Crocodile On The Sandbank Read online

Page 11


  We sat late on our little balcony that night, watching the afterglow fade and the stars blaze out; even Emerson was companionably silent under the sweet influence of the scene. Perhaps we all had a premonition of what was to come; perhaps we knew that this was our last peaceful evening.

  I was brushing my hair next morning when I heard the hubbub below. Within a few minutes Walter came running up the path and shouted for me. I went out, fearing some disaster; but his expression was one of excitement rather than alarm.

  "The men have made a discovery," he began. "Not in the ruins of the city- up in the cliffs. A tomb!"

  "Is that all? Good Gad, the place is overfumished with tombs as it is."

  Walter was genuinely excited, but I noticed that his eyes strayed past me to where Evelyn stood before the mirror, listening as she tied a ribbon around her hair.

  "But this one has an occupant! All the other tombs were empty when we found them-robbed and rifled in antiquity. No doubt this new tomb has also been robbed of the gold and jewels it once contained, but there is a mummy, a veritable mummy. What is even more important, Miss Peabody, is that the villagers came to me with the news instead of robbing the tomb. That shows, does it not, that the fancies I expressed last evening were only fancies. The men must trust us, or they would not come to us."

  They trust Mr. Emerson because he pays them full value for every valuable object they find," I said, hastily bundling my hair into its net. "They have no reason to resort to antiquities dealers under those conditions."

  "What does it matter' Walter was fairly dancing with impatience. "I am off, I cannot wait to see, but I thought you might like to accompany me. I fear the trail will be rough…"

  "I fear so, too," I said grimly. "I must apply myself to the question of appropriate costume. My rationals are an improvement on skirts, but they do not go far enough. Do you think, Evelyn, that we could fashion some trousers out of a skirt or two?"

  The trail was rough, but I managed it. A few of the villagers accompanied us. As we walked, Walter explained that the tombs we were inhabiting were known as the Southern Tombs. Another group of ancient sepulchers lay to the north, and were, logically enough, referred to as the Northern Tombs. The newly discovered tomb was one of this group.

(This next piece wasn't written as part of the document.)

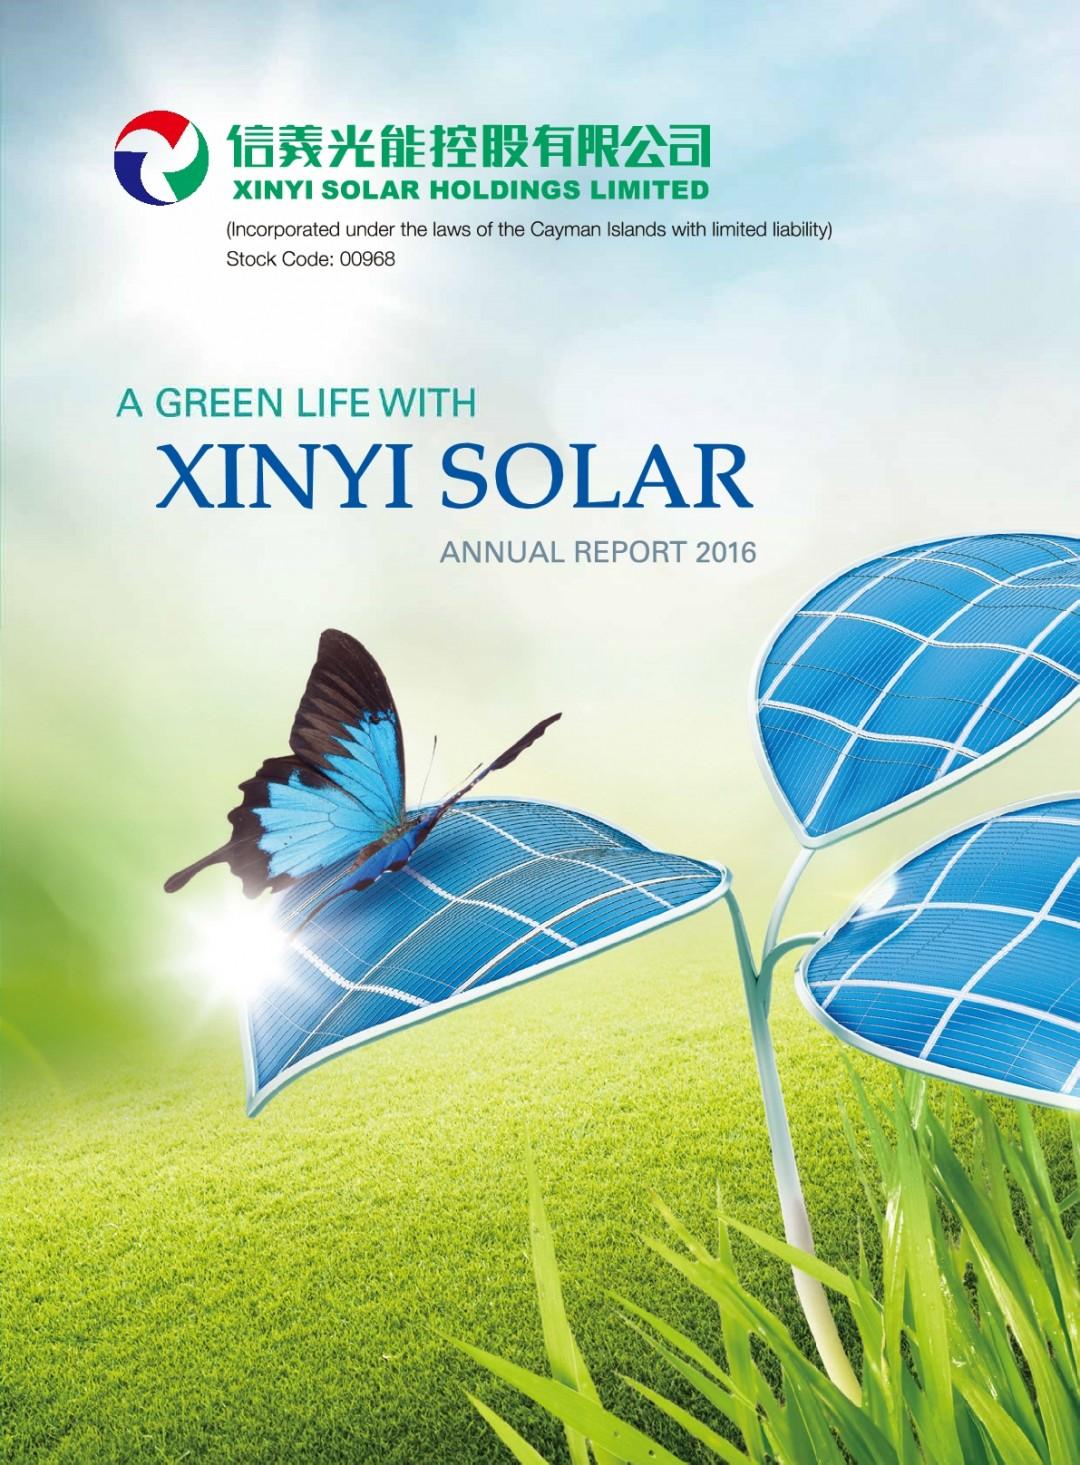 Xinyi Solar Holdings Limted

  After several long miles I finally saw a now-familiar square opening in the cliffs above us, and then another beyond the first. We had reached the Northern Tombs, and a scramble up a steep slope of detritus soon brought us to the entrance to the new tomb.

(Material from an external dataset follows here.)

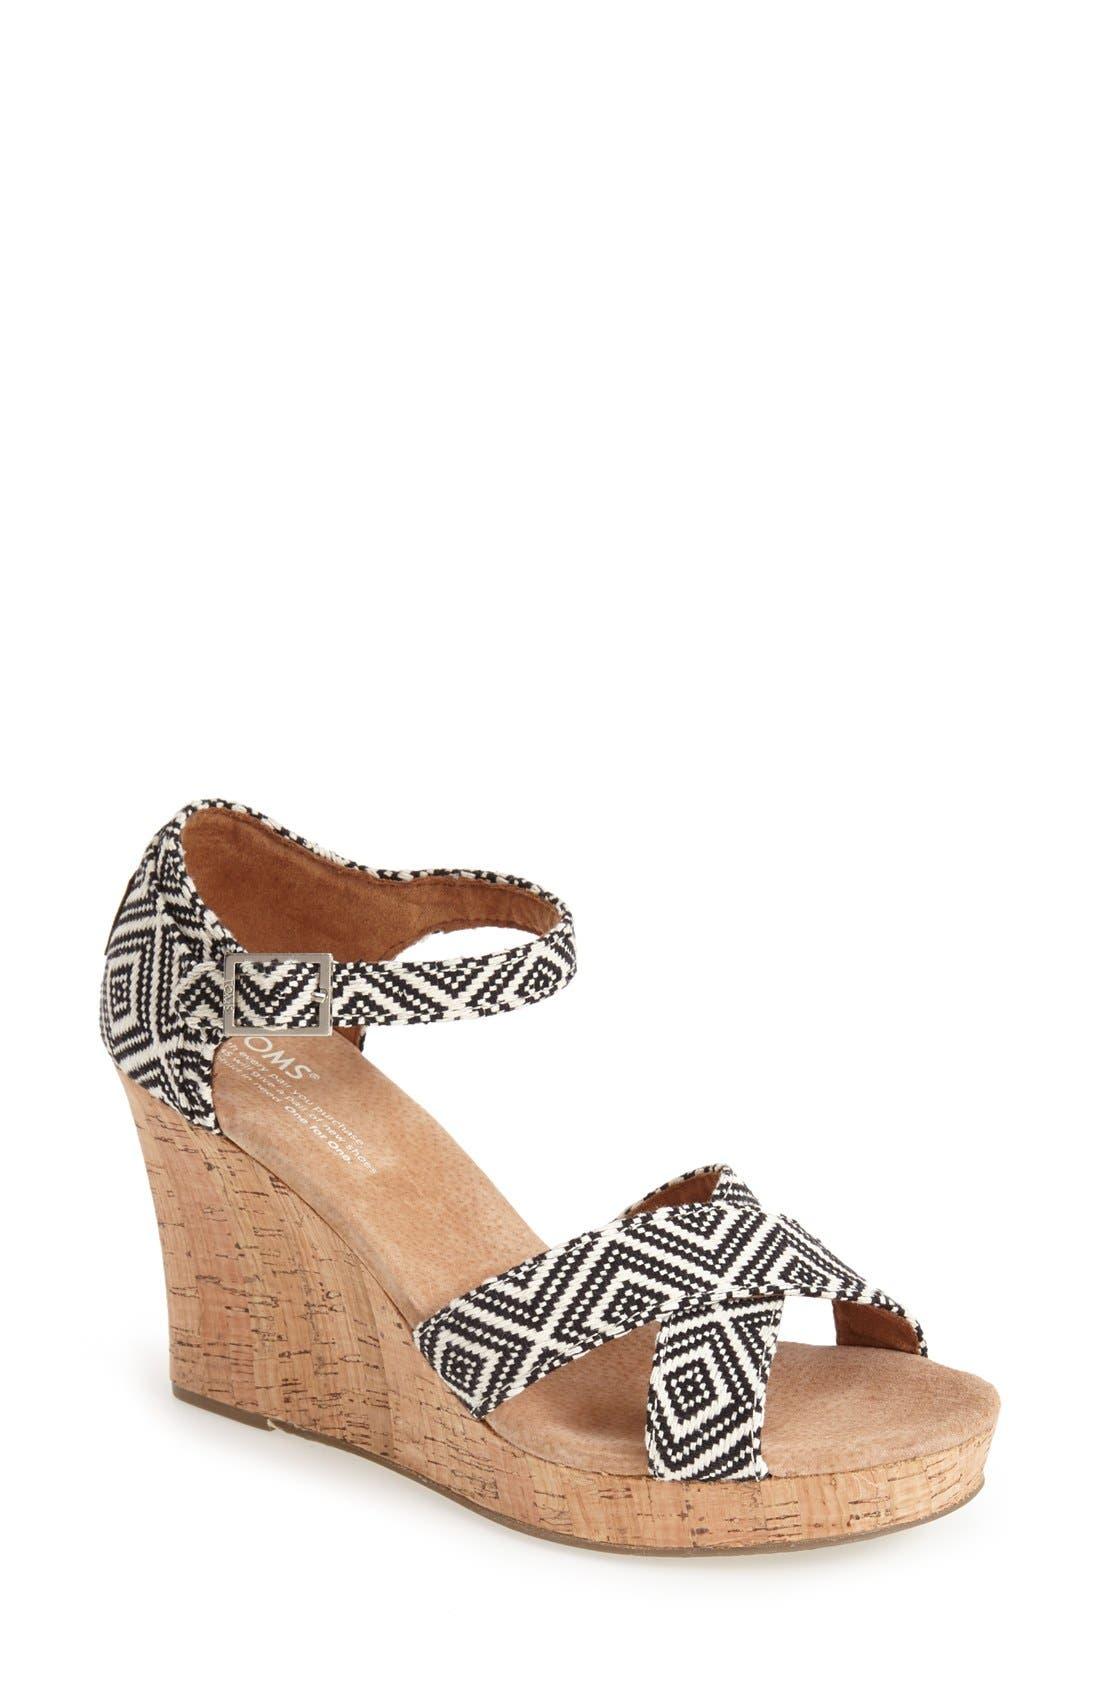 Alternate Image 1 Selected - TOMS Canvas Woven Geometric Print Wedge Sandal (Women)

  Walter was a different man. The gentle boy had been supplanted by the trained scholar. Briskly he gave orders for torches and ropes. Then he turned to me.

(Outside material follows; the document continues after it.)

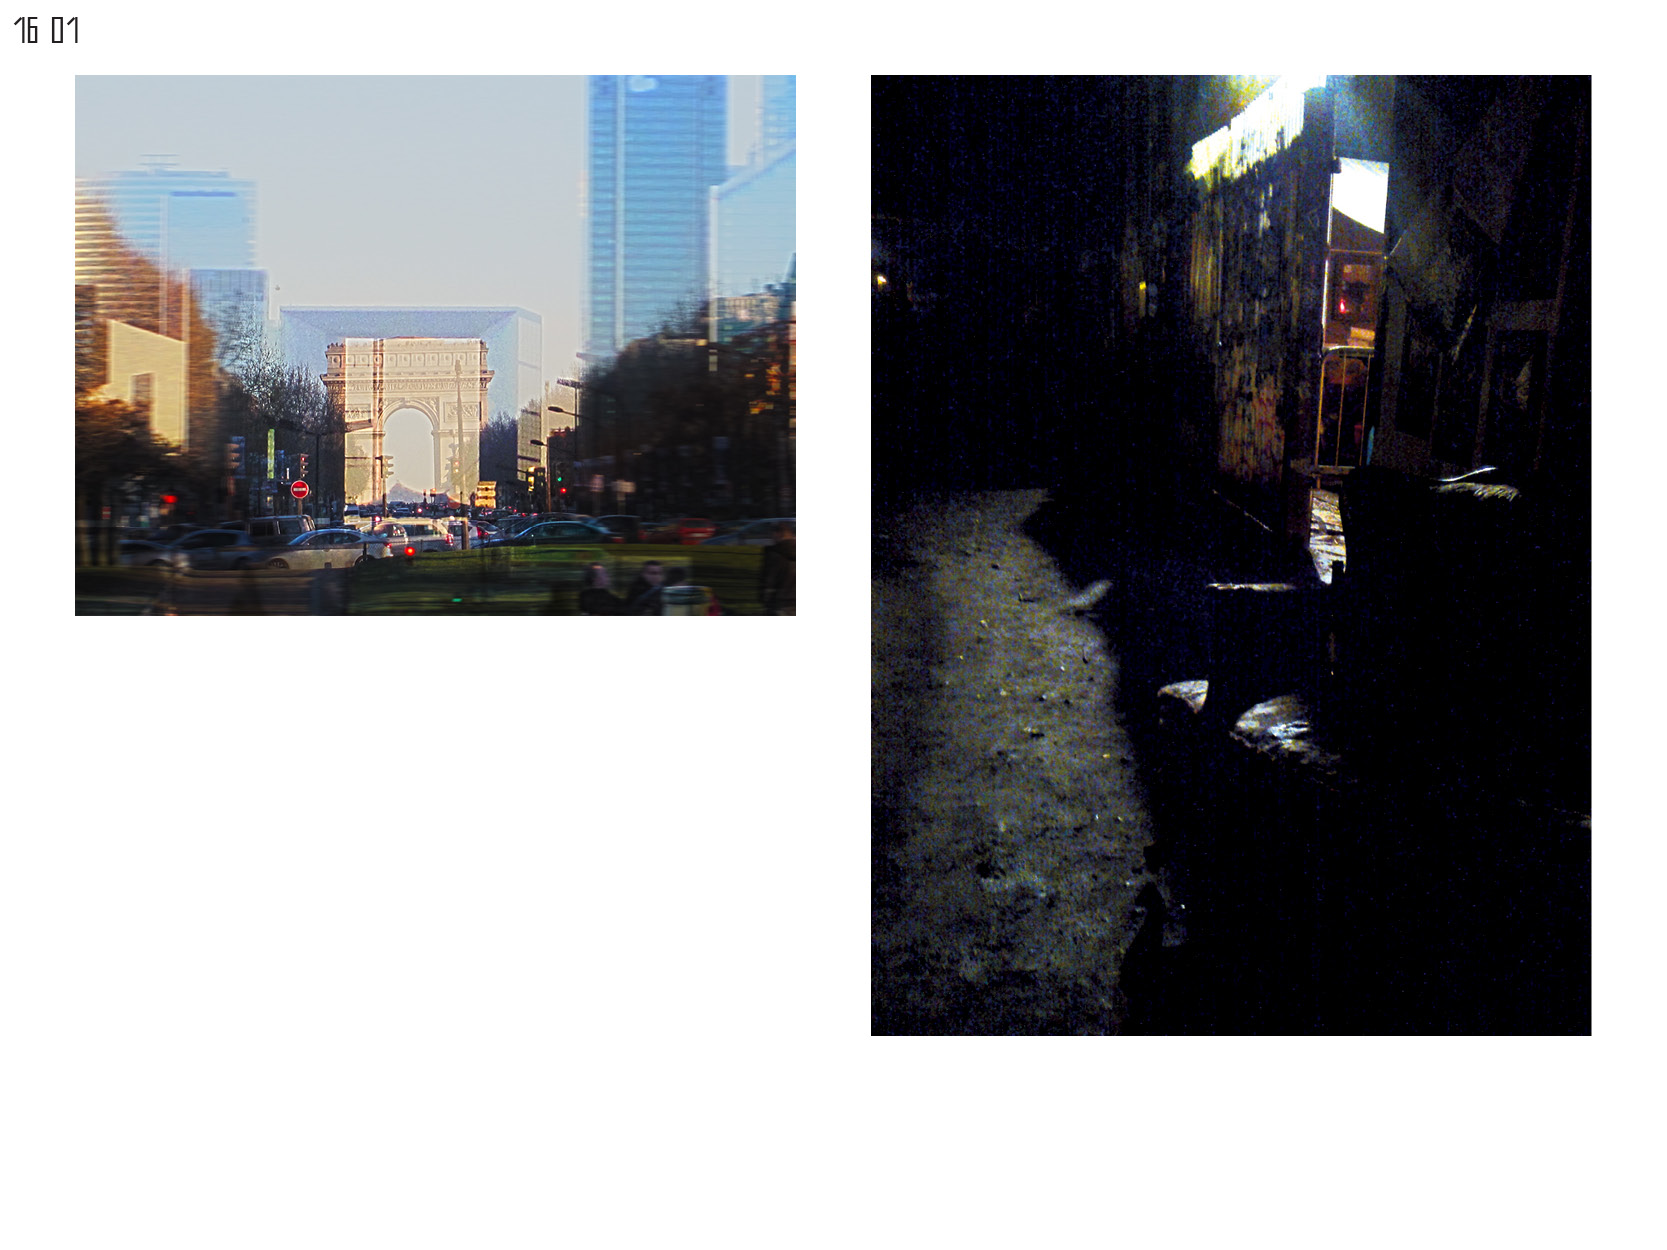 Gerrit-Schweiger-Dialog-Städte-Paris-Berlin-Jessica-Blank-Experiment-Fotoserie-Tagebuch-visuelle-Kommunikation-77

  "I have explored these places before. I don't recommend that you come with me, unless you are fond of bats in your hair and a great deal of dust."

  "Lead on," I said, tying a rope in a neat half-bitch around my waist.

  I had Walter thoroughly under control by then. He would not have argued with me if I had proposed jumping off a pyramid.

  I had been in a number of ancient tombs, but all had been cleared for visitors. I was somewhat surprised to find that this one was almost as clear, and far less difficult than Walter had feared. There was a good deal of loose rubble underfoot, and at one point we had to cross a deep pit, which had been dug to discourage tomb robbers. The villagers had bridged it with a flimsy-looking plank. Other than that, the going was not at all bad.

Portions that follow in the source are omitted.